AccelFix Spinal Fixation System consists of screws, rods, crosslinks, set screws, connectors and hooks. The components of this system are manufactured of Titanium Alloy (Titanium-6Aluminum-4Vanadium ELI, per ASTM F136) or CoCrMo alloy (Cobalt-28Chromium-6Molybdenum, per ASTM F1537). The AccelFix Spinal Fixation System is comprised of five different groupings; AccelFix-S, AccelFix-DS, AccelFix-SS, AccelFix-MIS, and Accessory.
The provided text is a 510(k) summary for the "AccelFix Spinal Fixation System," a medical device. It focuses on demonstrating substantial equivalence to existing predicate devices, primarily through mechanical and material performance testing, not through clinical or AI-driven diagnostic accuracy studies.
Therefore, the information required to answer your prompt about AI device acceptance criteria, study design, expert ground truth, etc., is not present in this document. This typically applies to devices like AI-powered diagnostic software, not spinal implants.
The document describes:
- Device Type: A spinal fixation system (pedicle screws, rods, etc.).
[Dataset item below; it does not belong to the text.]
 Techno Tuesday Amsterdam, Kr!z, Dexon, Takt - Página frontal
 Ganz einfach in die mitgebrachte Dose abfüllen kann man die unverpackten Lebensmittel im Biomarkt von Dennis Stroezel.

- Indications for Use: Stabilization of spinal segments, fixation for various spinal conditions.
- Materials: Titanium Alloy and CoCrMo alloy.
- Performance Data: Lists ASTM standards for various mechanical tests (static compression, torsion, fatigue, cantilever, pullout, axial grip force).
- Conclusion: The device is substantially equivalent to predicates based on similar design, materials, performance characteristics, and intended use.
In summary, this document does not contain any information about:
- Acceptance criteria for an AI-driven or diagnostic device.
- "Reported device performance" in terms of diagnostic accuracy metrics (e.g., sensitivity, specificity, AUC).
- Sample sizes for AI test sets.
- Data provenance for clinical imagery.
- Number/qualifications of experts for ground truth.
- Adjudication methods.
- MRMC studies or human reader improvement with AI.
- Standalone algorithm performance.
- Types of ground truth (beyond mechanical testing per ASTM standards).
- Training set details for an AI model.
The "study" mentioned refers to engineering and biocompatibility testing required for a mechanical orthopedic implant, not a clinical trial for an AI diagnostic tool.